Brittleness and Promise: Knowledge Graph Based Reward Modeling for Diagnostic Reasoning
- URL: http://arxiv.org/abs/2509.18316v1
- Date: Mon, 22 Sep 2025 18:39:09 GMT
- Title: Brittleness and Promise: Knowledge Graph Based Reward Modeling for Diagnostic Reasoning
- Authors: Saksham Khatwani, He Cheng, Majid Afshar, Dmitriy Dligach, Yanjun Gao,
- Abstract summary: Large language models (LLMs) show promise for diagnostic reasoning but often lack reliable, knowledge grounded inference.<n>We treat the LLM as a reward model of KG reasoning paths, where the model learns to judge whether a candidate path leads to correct diagnosis for a given patient input.<n>Our finding provides the first systematic assessment of "reward model style" reasoning over clinical KGs.
- Score: 8.35131510062609
- License: http://creativecommons.org/licenses/by-nc-sa/4.0/
- Abstract: Large language models (LLMs) show promise for diagnostic reasoning but often lack reliable, knowledge grounded inference. Knowledge graphs (KGs), such as the Unified Medical Language System (UMLS), offer structured biomedical knowledge that can support trustworthy reasoning. Prior approaches typically integrate KGs via retrieval augmented generation or fine tuning, inserting KG content into prompts rather than enabling structured reasoning.
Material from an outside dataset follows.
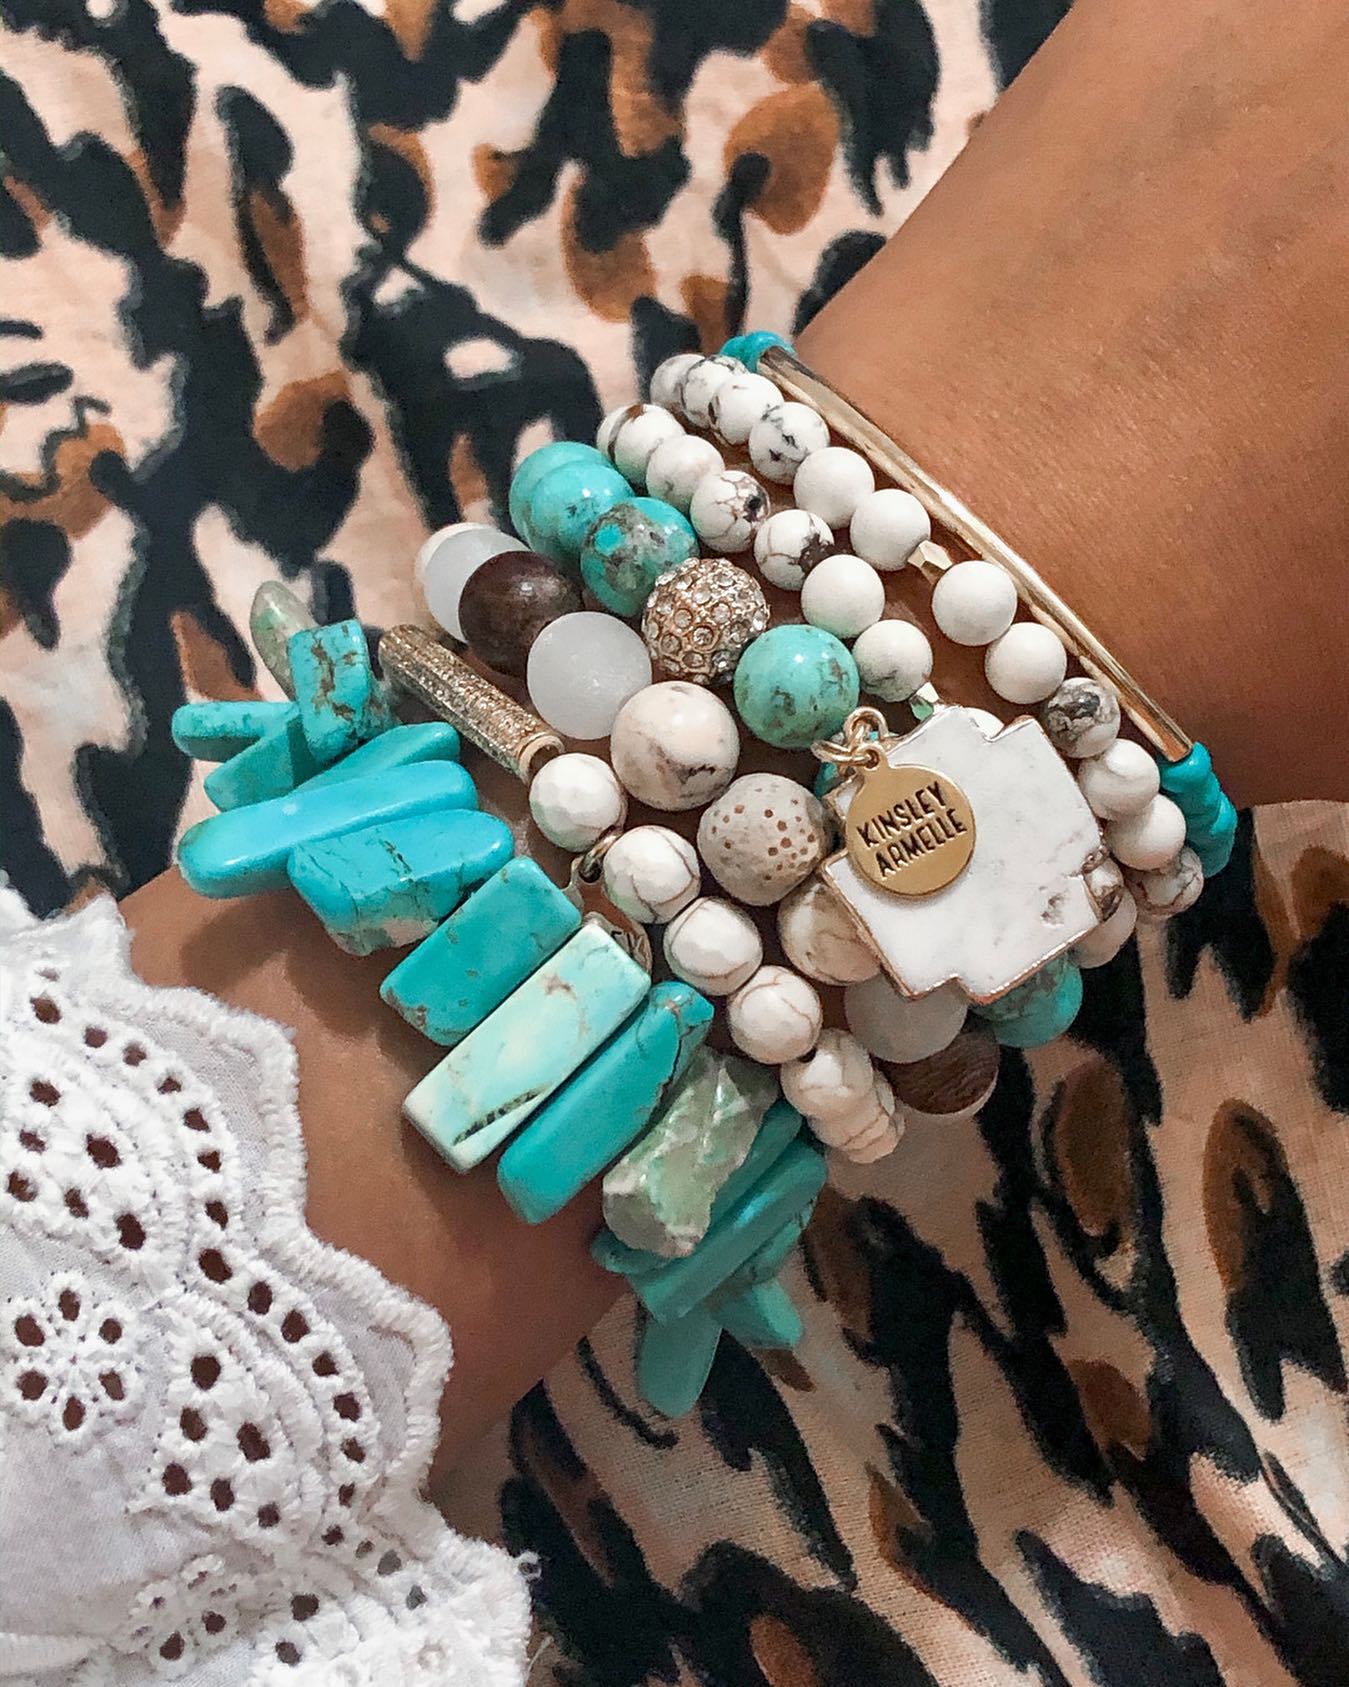 TIFFANY & CO BRACELET STACK - Including Affordable Alternatives from T & Co

We explore an alternative paradigm: treating the LLM as a reward model of KG reasoning paths, where the model learns to judge whether a candidate path leads to correct diagnosis for a given patient input. This approach is inspired by recent work that leverages reward training to enhance model reasoning abilities, and grounded in computational theory, which suggests that verifying a solution is often easier than generating one from scratch. It also parallels physicians' diagnostic assessment, where they judge which sequences of findings and intermediate conditions most plausibly support a diagnosis. We first systematically evaluate five task formulation for knowledge path judging and eight training paradigm. Second, we test whether the path judging abilities generalize to downstream diagnostic tasks, including diagnosis summarization and medical question answering. Experiments with three open source instruct-tuned LLMs reveal both promise and brittleness: while specific reward optimization and distillation lead to strong path-judging performance, the transferability to downstream tasks remain weak. Our finding provides the first systematic assessment of "reward model style" reasoning over clinical KGs, offering insights into how structured, reward-based supervision influences diagnostic reasoning in GenAI systems for healthcare.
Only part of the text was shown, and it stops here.